The HOSTCM protocol is a mechanism that allows a Commodore SuperPET or IBM PC running the Waterloo microSystem kernel to communicate with a remote file server over a serial line. This is a brief overview of the internals of the protocol.
Basics
A session between two machines1 consists of a structured series of synchronous requests from the client and corresponding responses from the host. These can be thought of as forming a simple RPC-like mechanism with ad-hoc serialization. Communication between client and host is encoded as 7 bit ASCII and transmitted over a serial line; speed, stop bits and parity can be set depending on the hardware connecting the host and client, but are not part of the protocol itself.
Syntax
This is a simple EBNF summary of the HOSTCM protocol. Literals are enclosed in quotes, square brackets indicate optional parameters, and whitespace is non-significant.
The protocol is asymmetric; the client and host have different roles.
Client machines issue <client-request>
messages and accept <host-response>
messages as replies;
the host does the reverse.
<client-request> ::= <request> <checksum-char> <lineend-char> |
<quit-request> <linend-char> |
<NAK> <lineend-char>
<request> ::= <init-request> |
<open-request> |
<close-request> |
<get-request> |
<put-request> |
<diropen-request> |
<dirread-request> |
<dirclose-request> |
<rename-from-request> |
<rename-to-request> |
<scratch-request> |
<seek-request>
<init-request> ::= "v" <protocol-id>
<open-request> ::= "o" <mode> <format> "(" <type> [":" <rl>] ")" <filename>
<mode> ::= "r" | "w" | "u" | "a" | "l" | "s"
<format> ::= "t" | "b"
<type> ::= "f" | "v" | "t"
<rl> ::= <ASCII-integer>
<filename> ::= <ASCII-string>
<close-request> ::= "c" <fileid-char>
<put-request> ::= "p" <fileid-char> <eor-char> <data-string>
<get-request> ::= "g" <fileid-char> ["l"]
<diropen-request> ::= "d" [<filename>]
<dirread-request> ::= "f"
<dirclose-request> ::= "k"
<rename-from-request> ::= "w" <filename>
<rename-to-request> ::= "b" <filename>
<scratch-request> ::= "y" <filename>
<seek-request> ::= "r" <fileid-char> <seekoffset>
<quit-request> ::= "q"
<NAK> ::= "N"
<protocol-id> ::= "80"
<fileid-char> ::= <ASCII-char>
<filename> ::= <ASCII-string>
<data-string> ::= <ASCII-hex> <ASCII-hex> [<data-string>]
<ASCII-string> ::= <ASCII-char> [<ASCII-string>]

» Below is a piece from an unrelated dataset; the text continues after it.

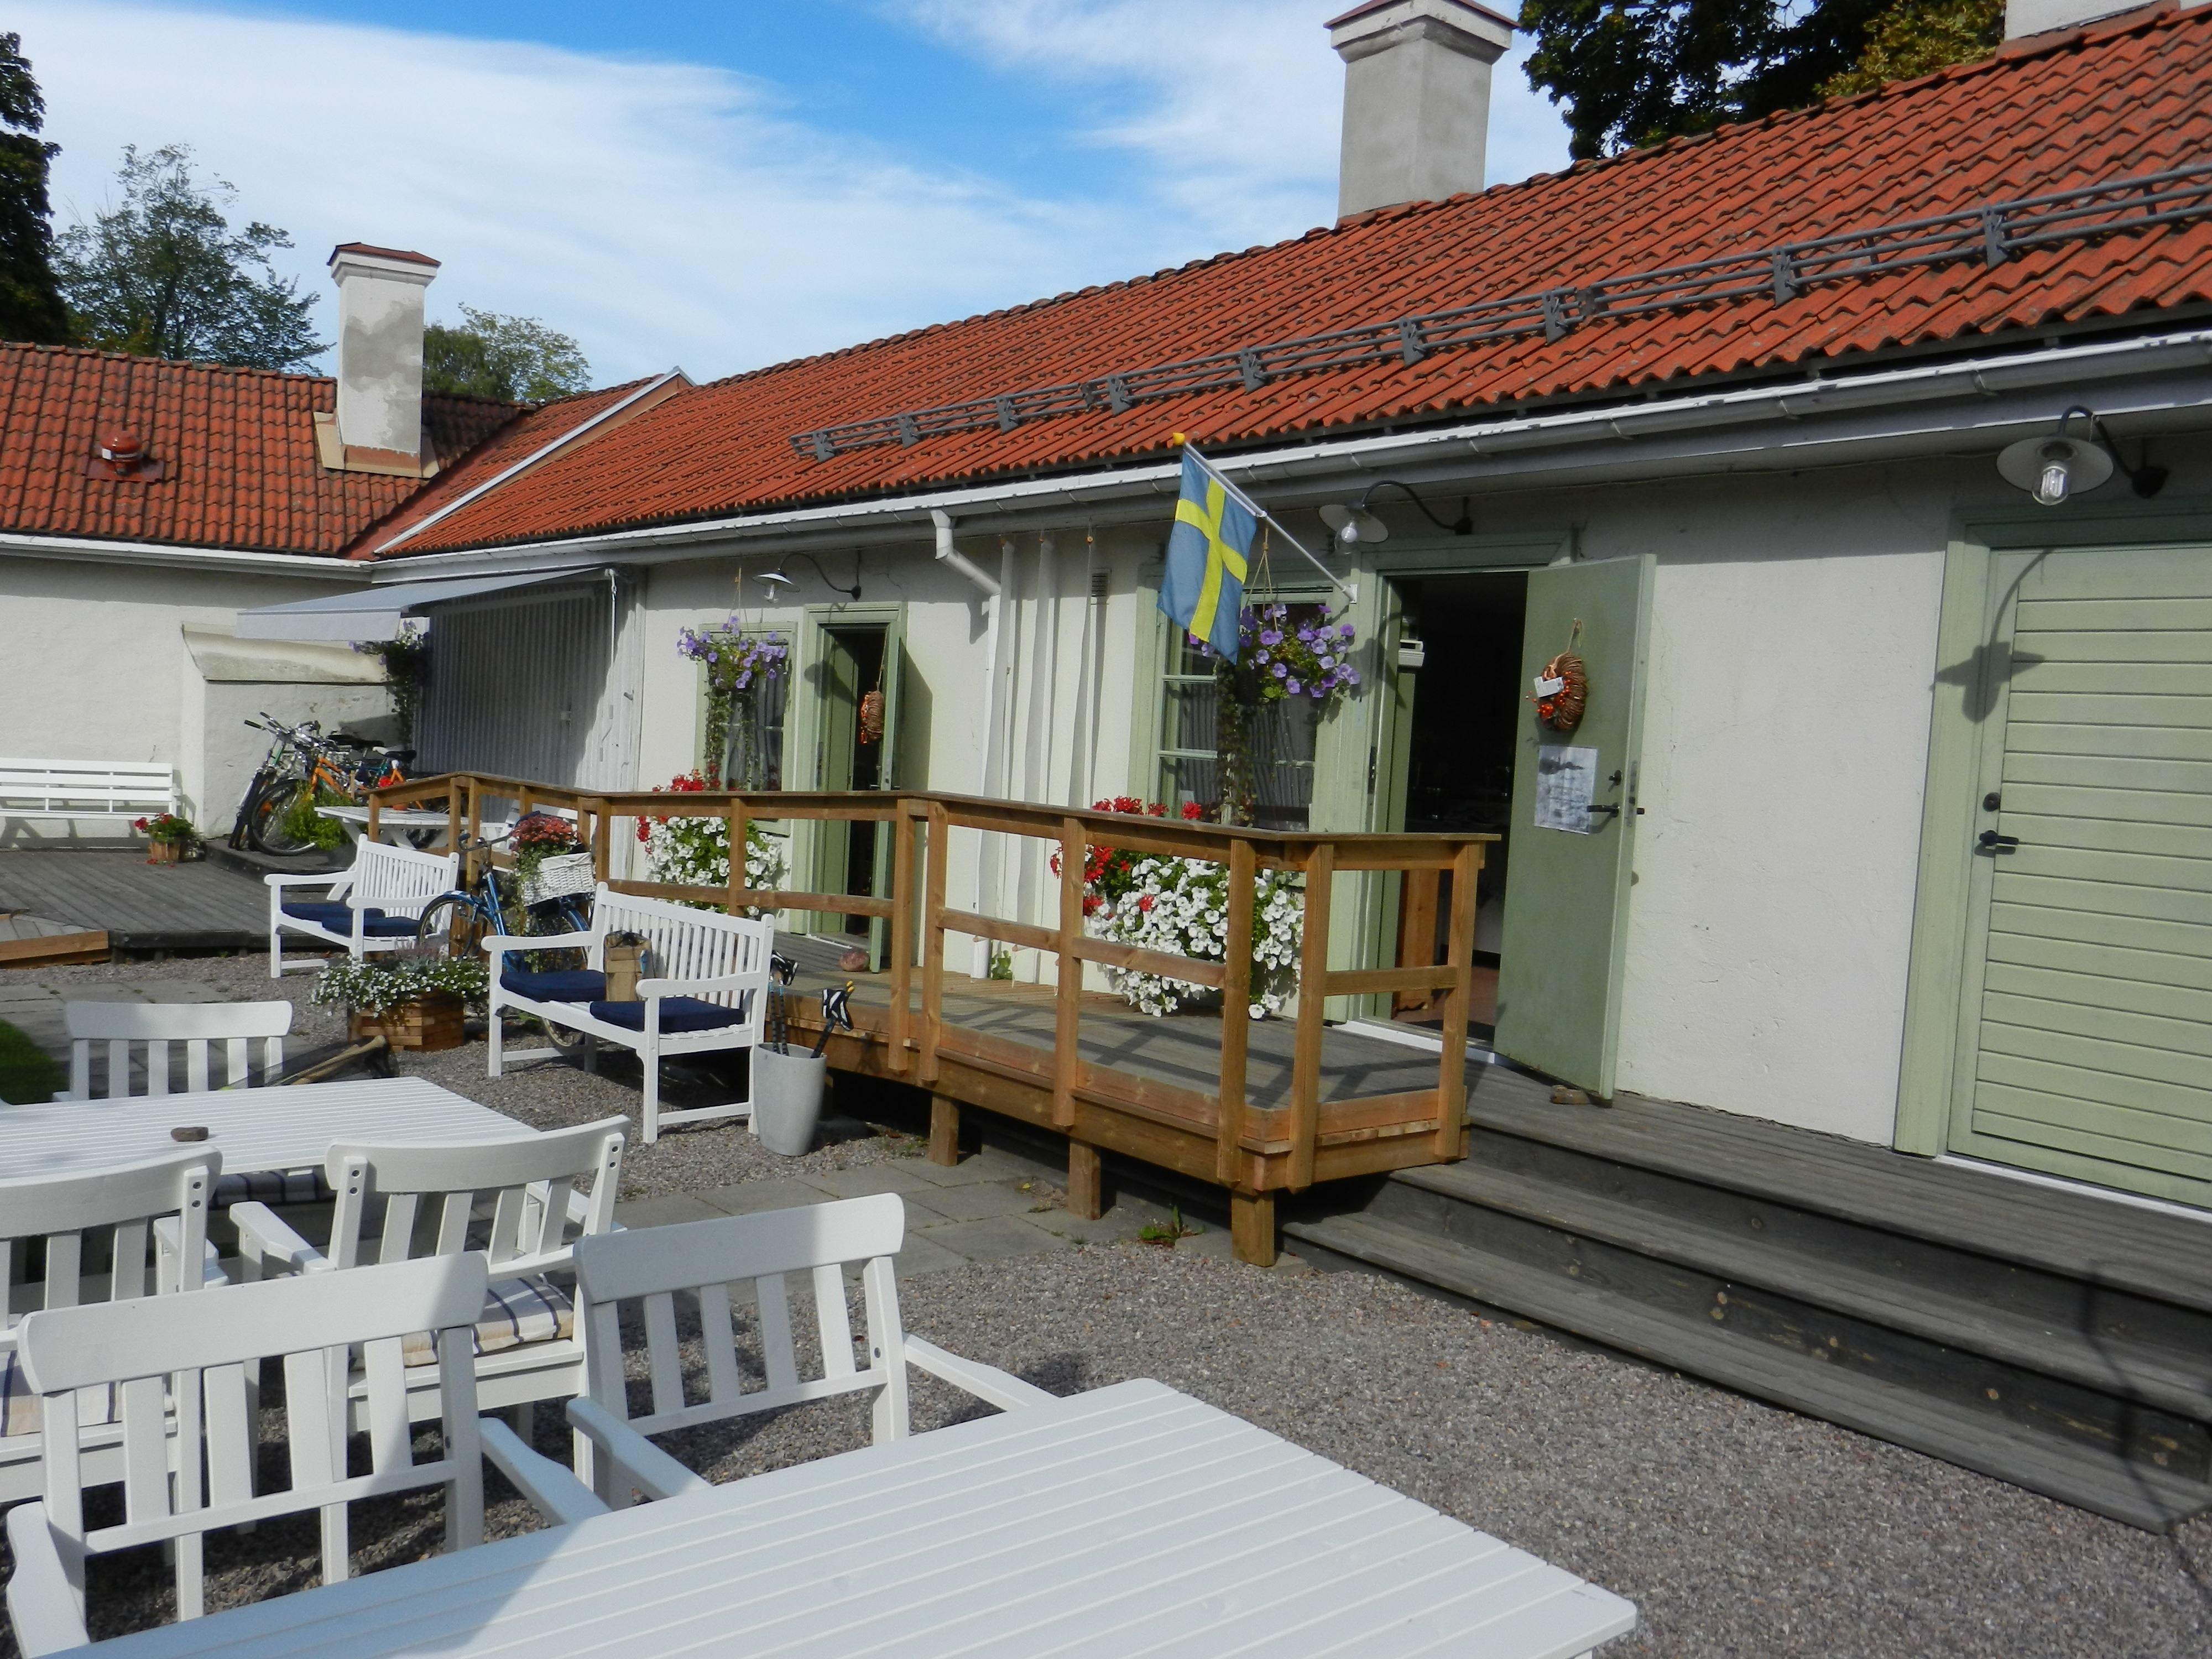 Carl Jularbo Museum & café

Hosts respond to <client-request>
messages with <host-response>
messages.
<host-response> ::=
<response-char> <response> <checksum-char> <lineend-char> <prompt-char> |
<response-char> <NAK> <lineend-char> <prompt-char>
<response> ::= <OK-response> |
<error-response> |
<open-response> |
<get-response> |
<dirread-response>
<OK-response> ::= "b"
<error-response> ::= "x" <error-string>
<open-response> ::= "b" <fileid-char>
<get-response> ::= "b" <eor-or-eof-char> <data-string>
<eor-or-eof-char> ::= <eor-char> | <eof-char>
<eor-char> ::= "n" | "z"
<eof-char> ::= "e"
<dirread-response> ::= "e" | "b" <ASCII-string>
<lineend-char>
is a single ASCII character indicating the end of
a message. By default, it is ASCII CR, 0x0d
.
<prompt-char>
is a single ASCII character indicating that the host is ready
for the next message. By default, it is ASCII DC1, 0x11
.
<response-char>
is a single ASCII character indicating that the host is
responding to a client request. By default, it is ASCII DC3, 0x13
.
<checksum-char>
is a single ASCII character, representing a checksum of
the contents of the message up to that point. For a buffer b of size n, it
is calculated by
static char sumchar[] = "ABCDEFGHIJKLMNOP";
char
checksum(char *b, int n)
{
int i, s = 0;
for (i = 0; i < n; i++) {
s += b[i] & 0xf;
}
return (sumchar[s&0xf]);
}
<lineend-char>
, <prompt-char>
and <response-char>
are all configurable.
Obviously, host and client must be configured
identically for the protocol to work correctly, and all of these characters must be out-of-band to the remainder
of the protocol. I have not tested configurations other than the default.
<ASCII-char>
represents the set of printable ASCII characters, and <ASCII-hex-digit>
corresponds to members
of the set "01234567890ABCDEF"
.
Semantics
In general, the response to any correctly formatted request from the client to the host is either
<OK-response>
or <error-response>
, as appropriate.
Certain messages – <open-request>
, <get-request>
, and <dirread-request>
– have particular variations of
the general <OK-response>
tailored to their needs.
At any time, either the host or the client may respond to a message with a NAK; this will cause the receiver to repeat the last transmission.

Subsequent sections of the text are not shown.